#### Assignment:
Write out the listing below exactly, and omit any images you find in it.

#### Data block:
• • • • •
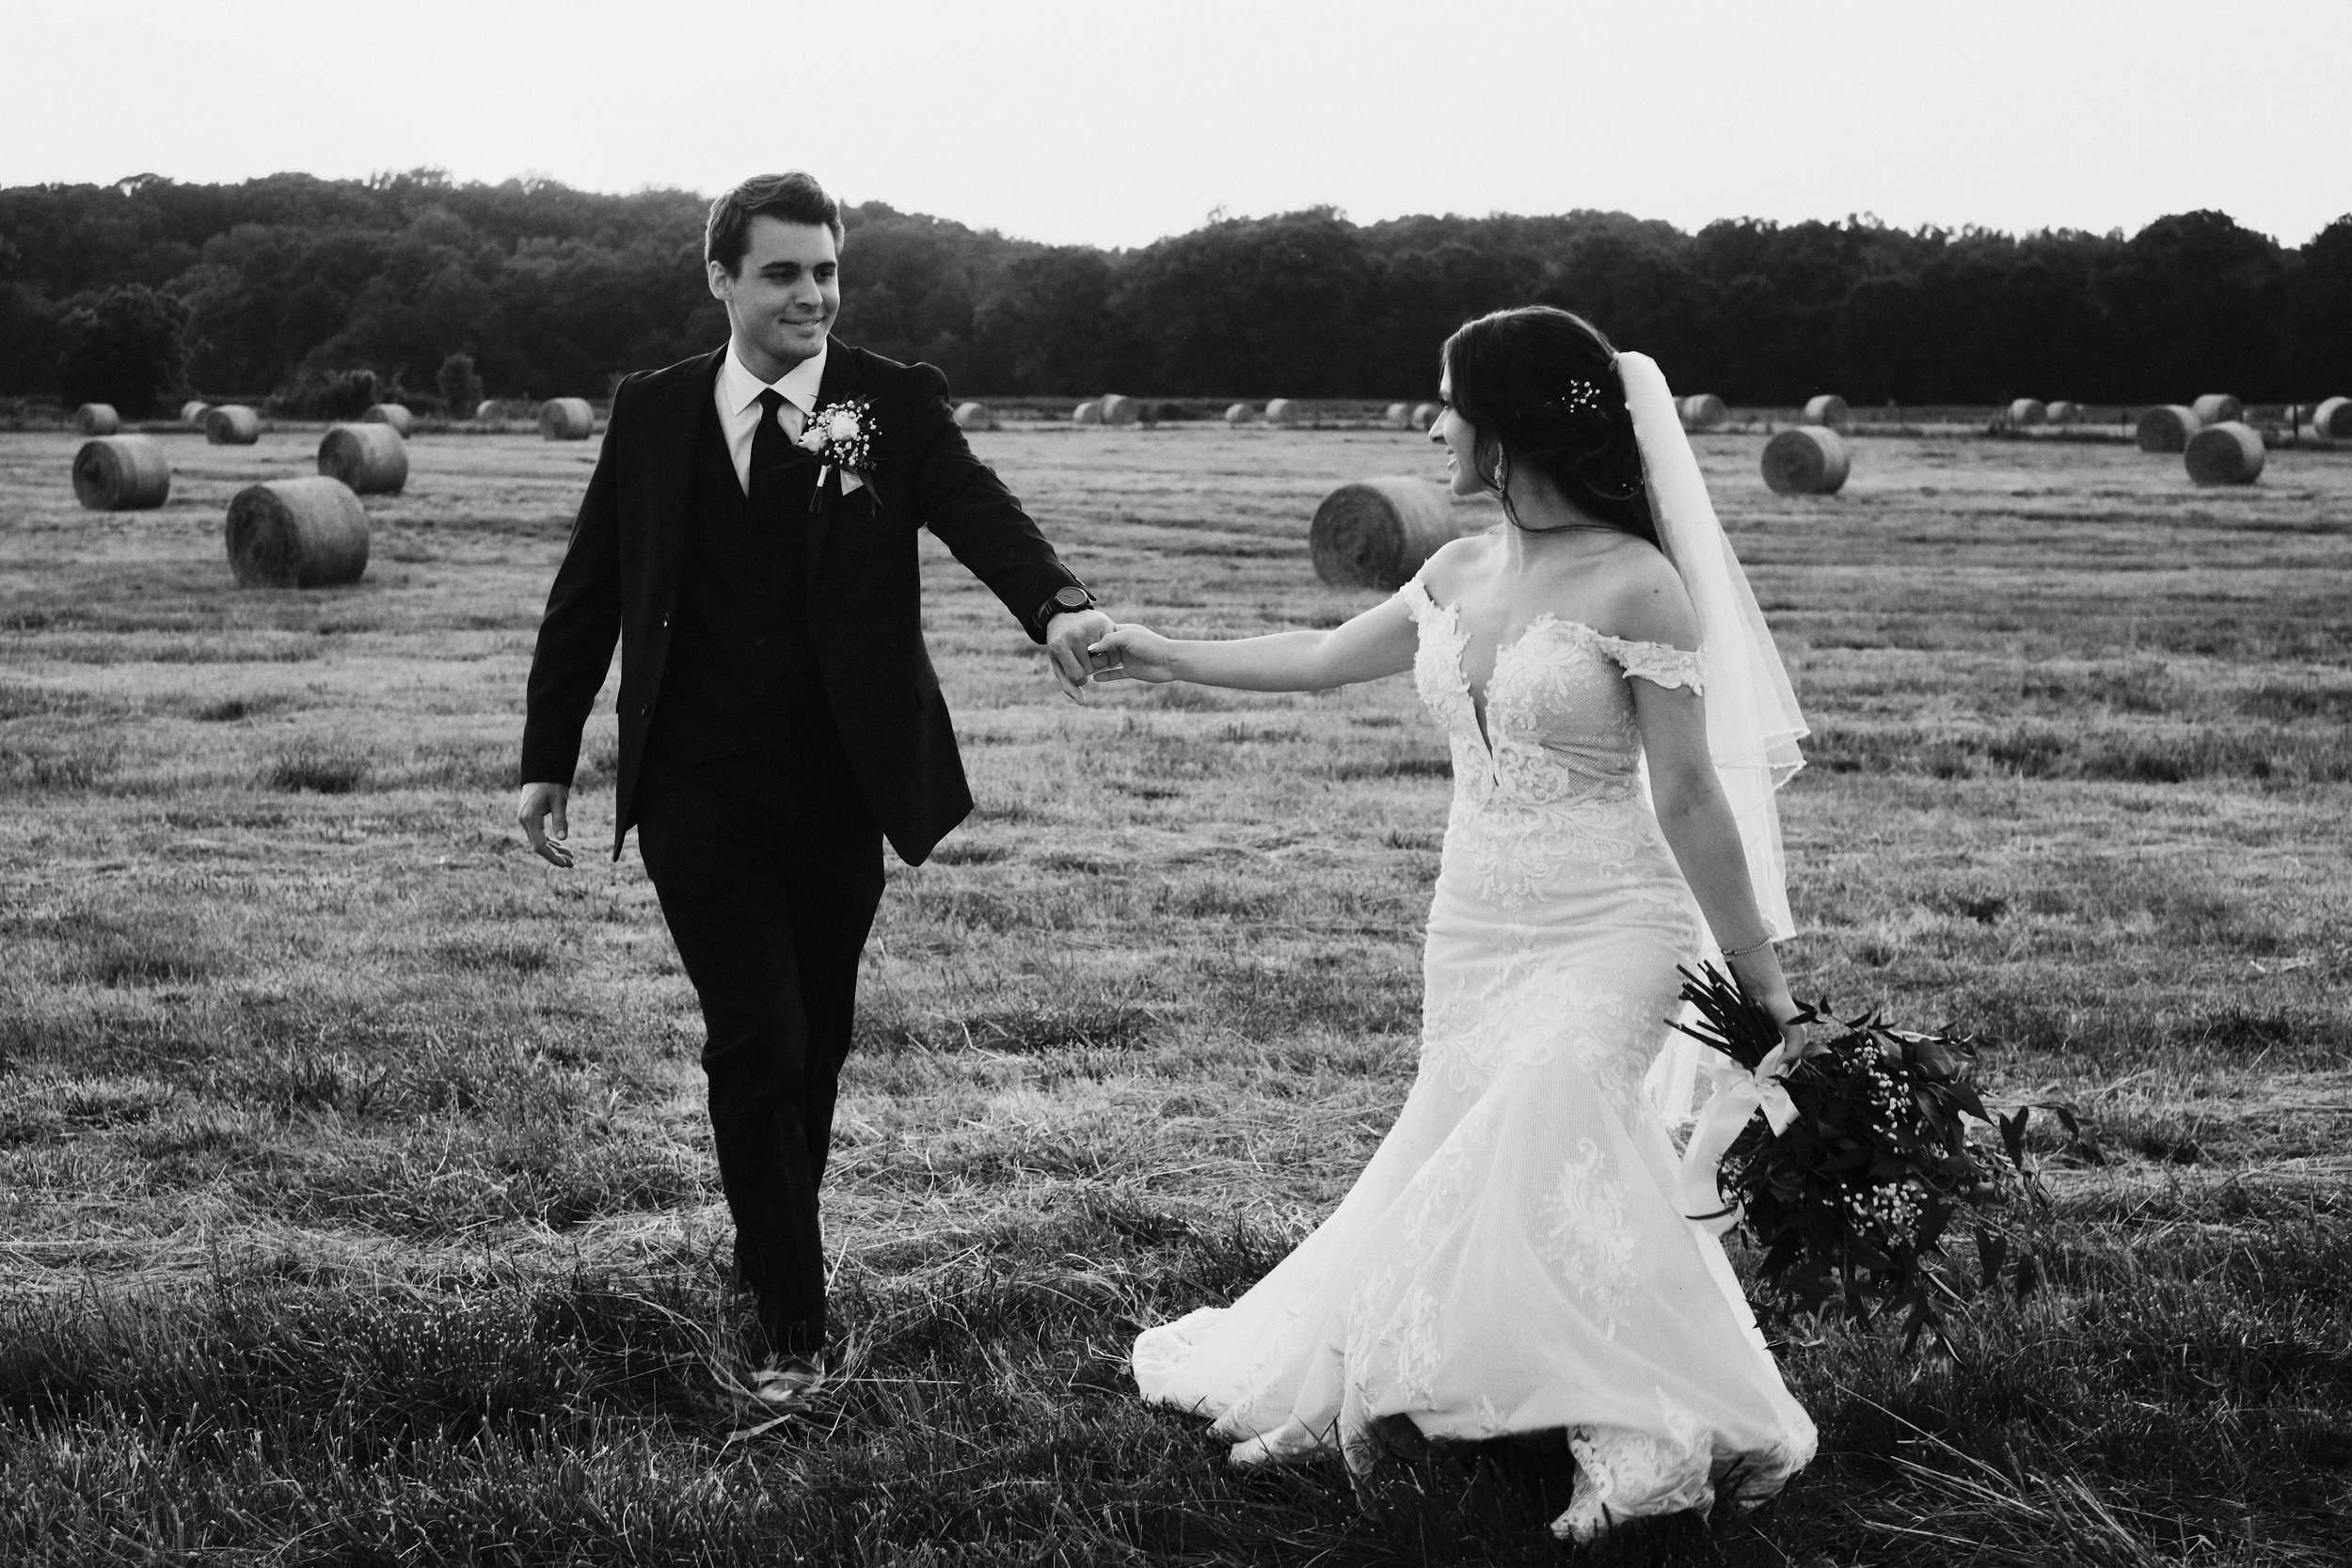 Candid portrait walking through field
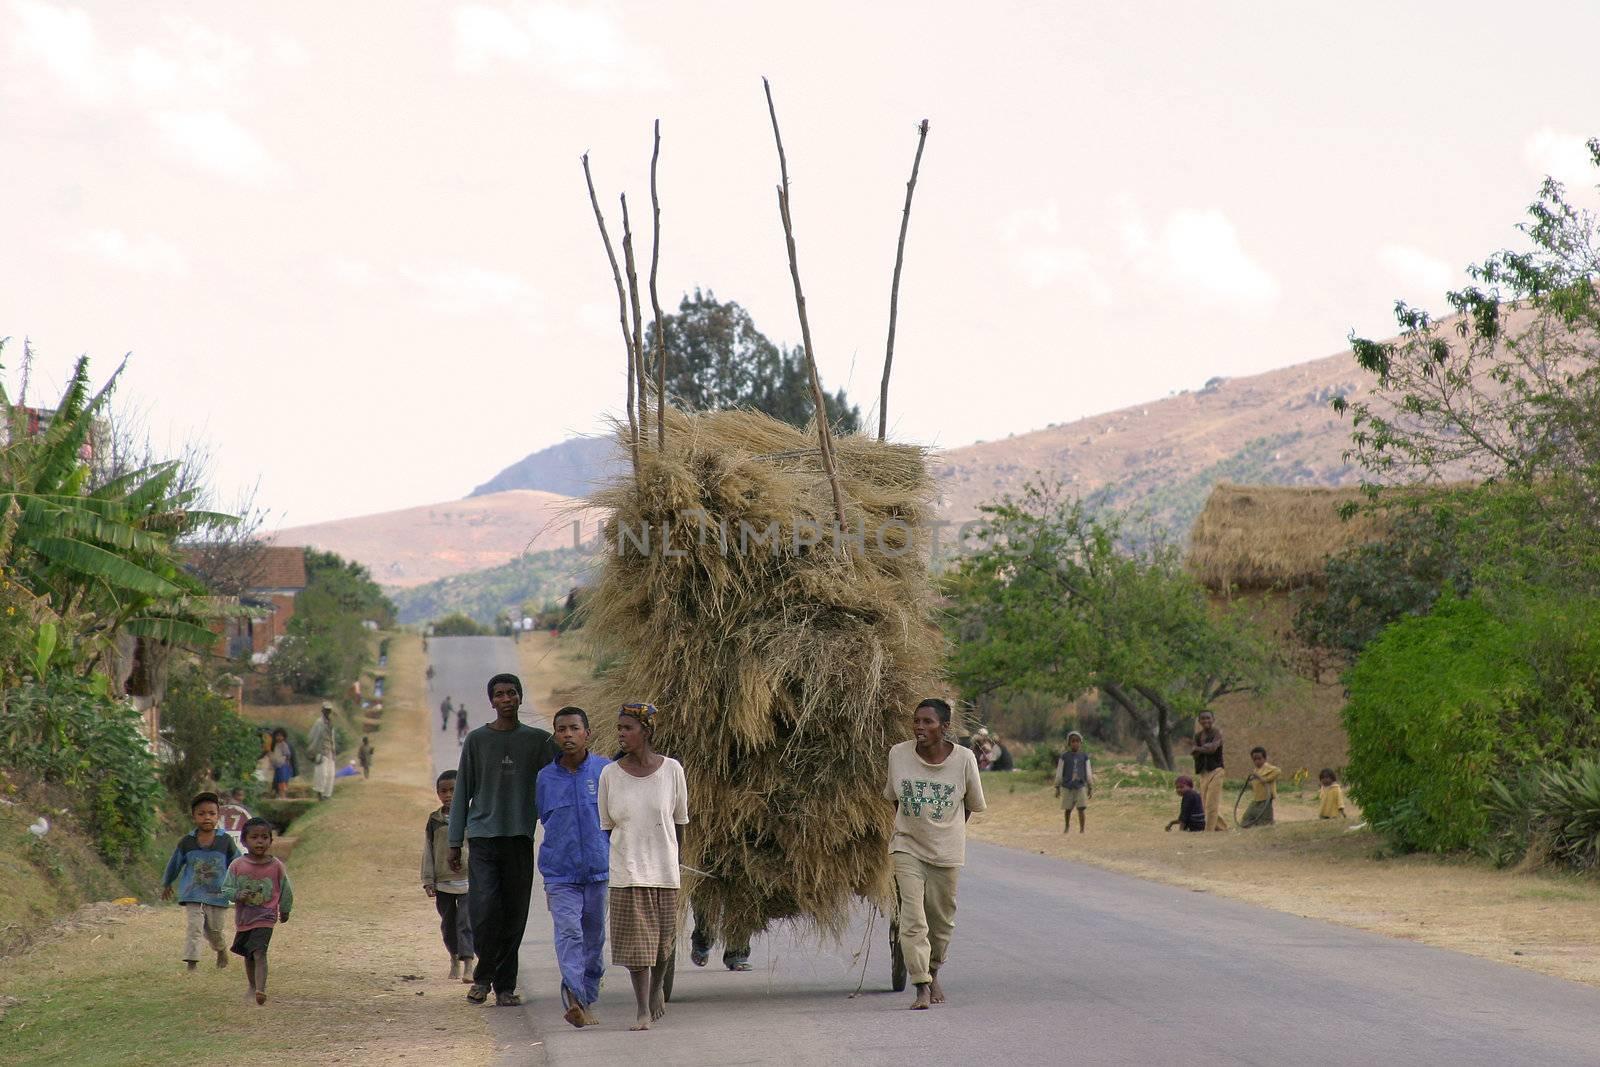 Transportation in Madagascar
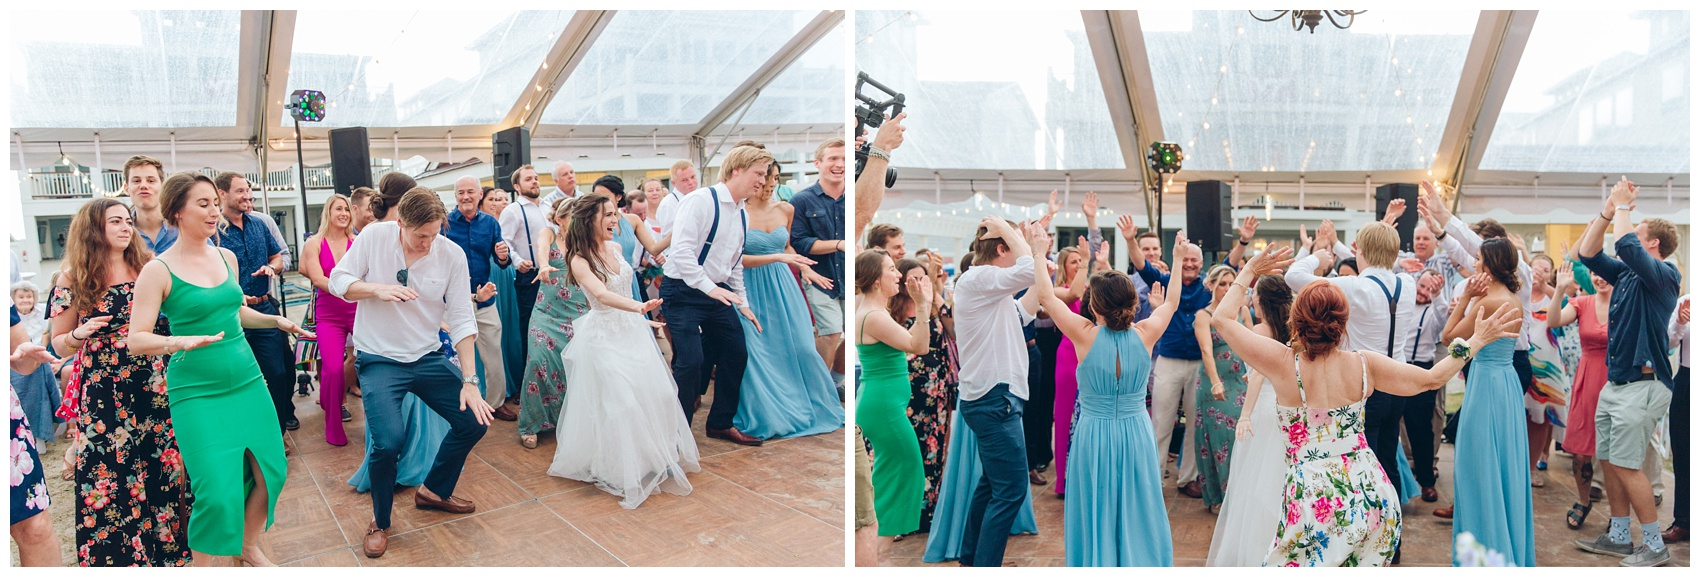 Outer-Banks-Corolla-Wedding_0115.jpg
• • • • •
#### Final answer:
 Candid portrait walking through field
 Transportation in Madagascar
 Outer-Banks-Corolla-Wedding_0115.jpg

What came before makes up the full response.